Evaluation of Gemma 2 spans academic benchmarks (MMLU, TruthfulQA, BIG-bench), code benchmarks (HumanEval, MBPP), and real-world metrics like user preference scores. Benchmarks have limitationsâthey don't perfectly correlate with real-world performance. Practitioners should develop domain-specific evaluation metrics beyond standard benchmarks. Gemma 2's benchmark scores provide a starting point, not an end point.
Safety considerations in Gemma 2 included training to refuse harmful requests, reduce biases, and provide accurate information. Safety-alignment involves trade-offs: perfectly aligned models might be overly cautious and unhelpful on edge cases. Red-teaming (adversarial testing) identified failure modes before release. Understanding alignment challenges helps practitioners make informed choices about safety-capability trade-offs in their deployments.
Google's decision to open-source Gemma 2 creates an ecosystem of downstream models, fine-tuning tutorials, and community contributions. Developers fine-tune Gemma 2 on code, mathematics, medicine, and other domains. The open-source model enables rapid innovationâresearchers can build on Gemma 2 without starting from scratch. This democratization of advanced AI capabilities accelerates research and enables small teams to compete with well-resourced institutions.
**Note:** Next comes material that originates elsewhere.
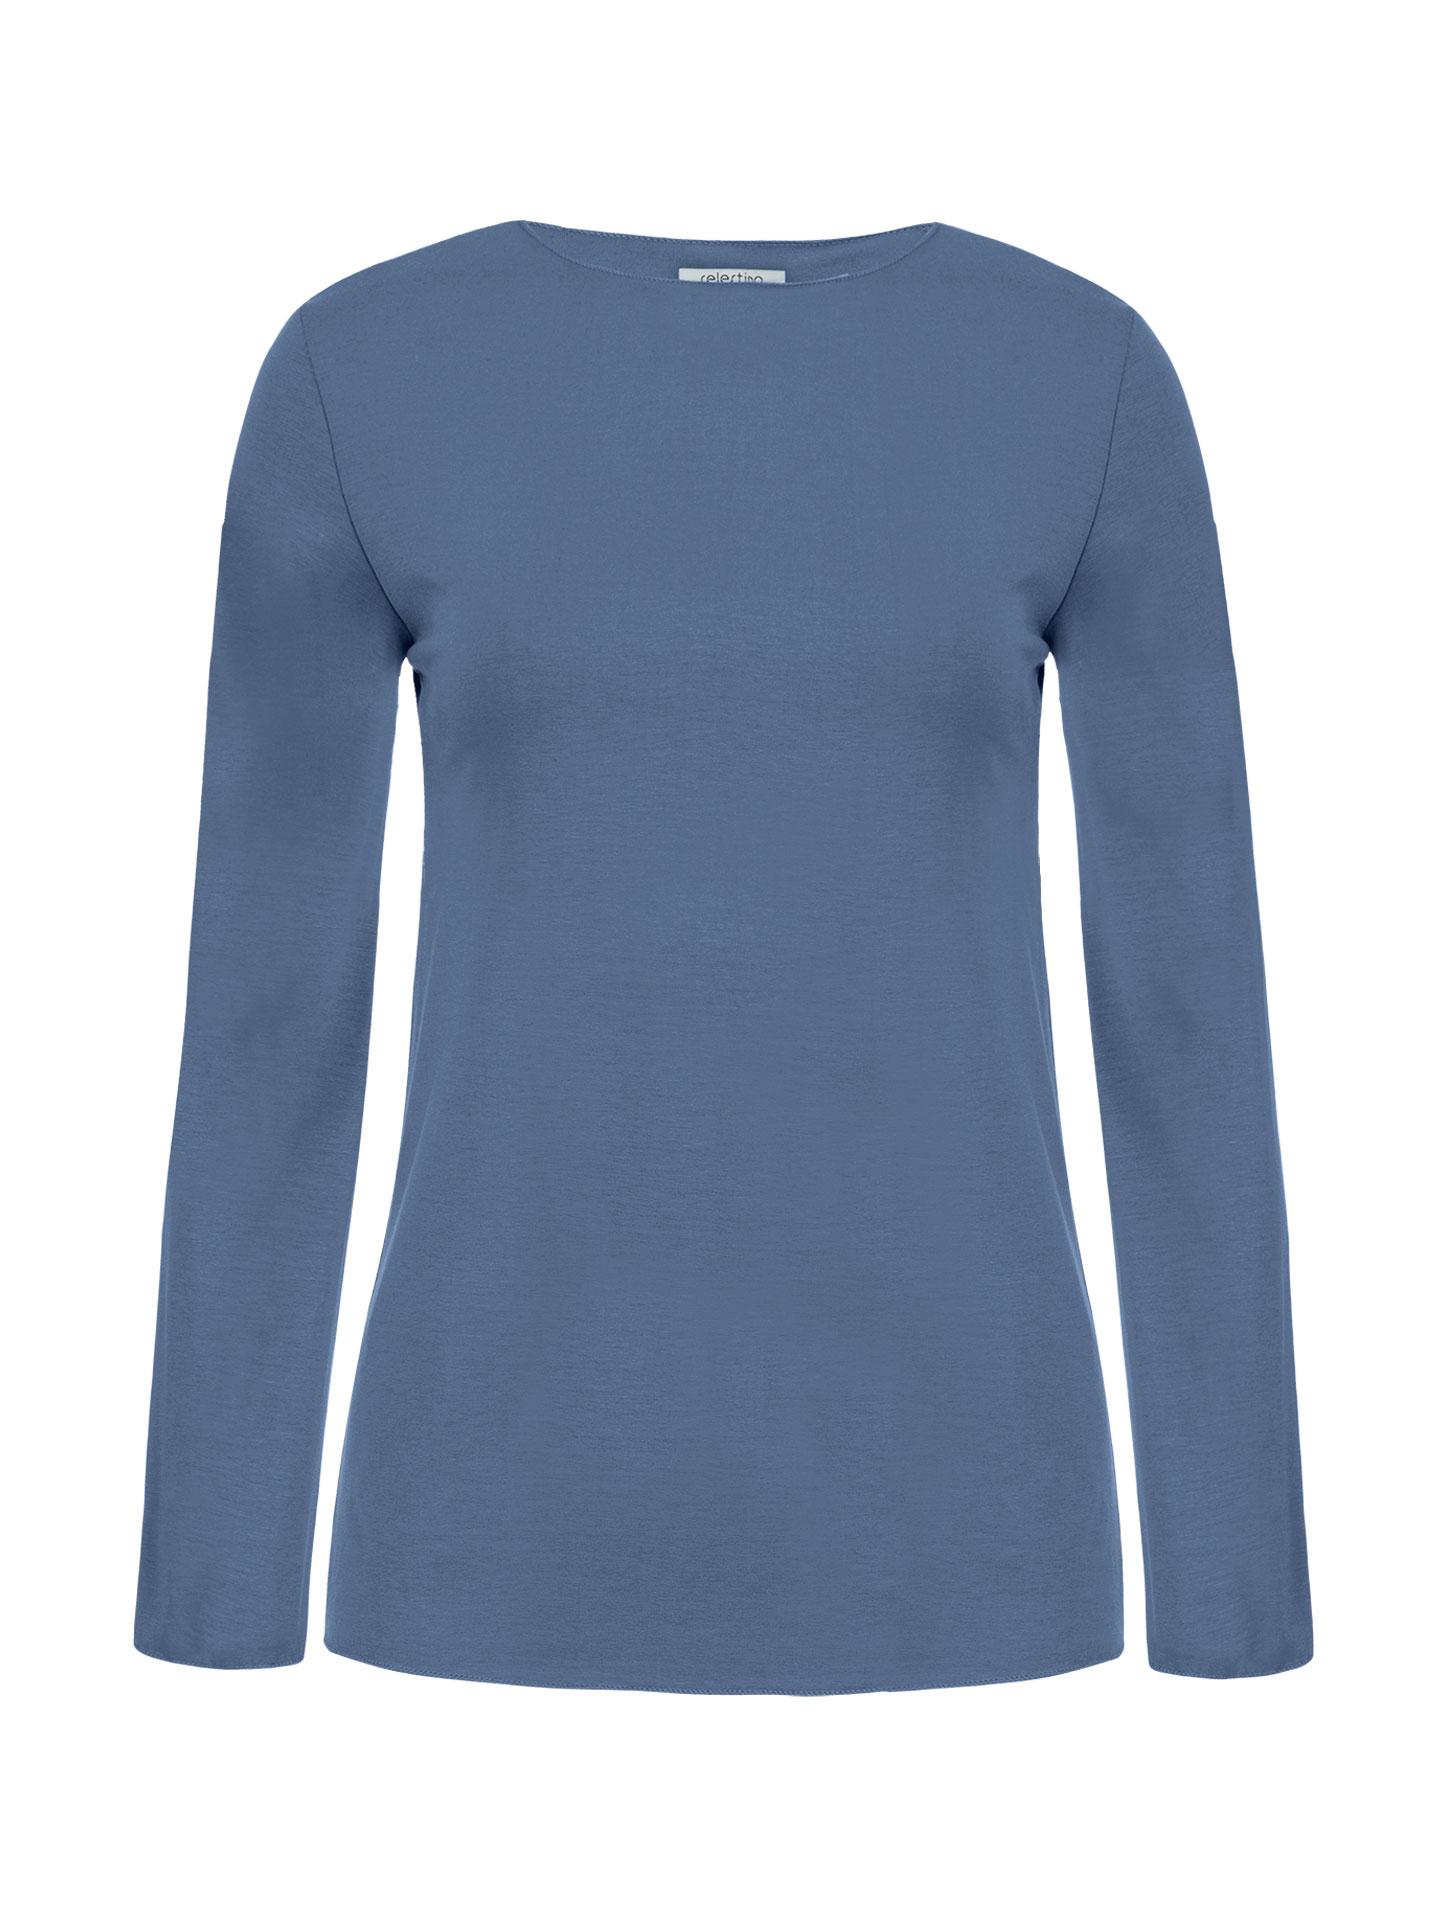 8df9b74b6e35 Μακρυμάνικη μπλούζα σε μπλε ραφ

Gemma 2's code implementation in JAX and PyTorch is publicly available, enabling researchers to understand architectural details and propose improvements. Seeing exactly how local-global attention and other innovations are implemented demystifies the model. This transparency builds trust and enables principled extensions. Practitioners can implement similar techniques in their own models after studying Gemma 2.
Commercial and non-commercial uses of Gemma 2 span chatbots, code generation assistants, RAG systems, and fine-tuned task-specific models. The licensing model permits commercial use under certain conditions, enabling startups to build on Gemma 2. Understanding Gemma 2's capabilities and limitations helps practitioners decide whether to use it directly or as a foundation for customized models.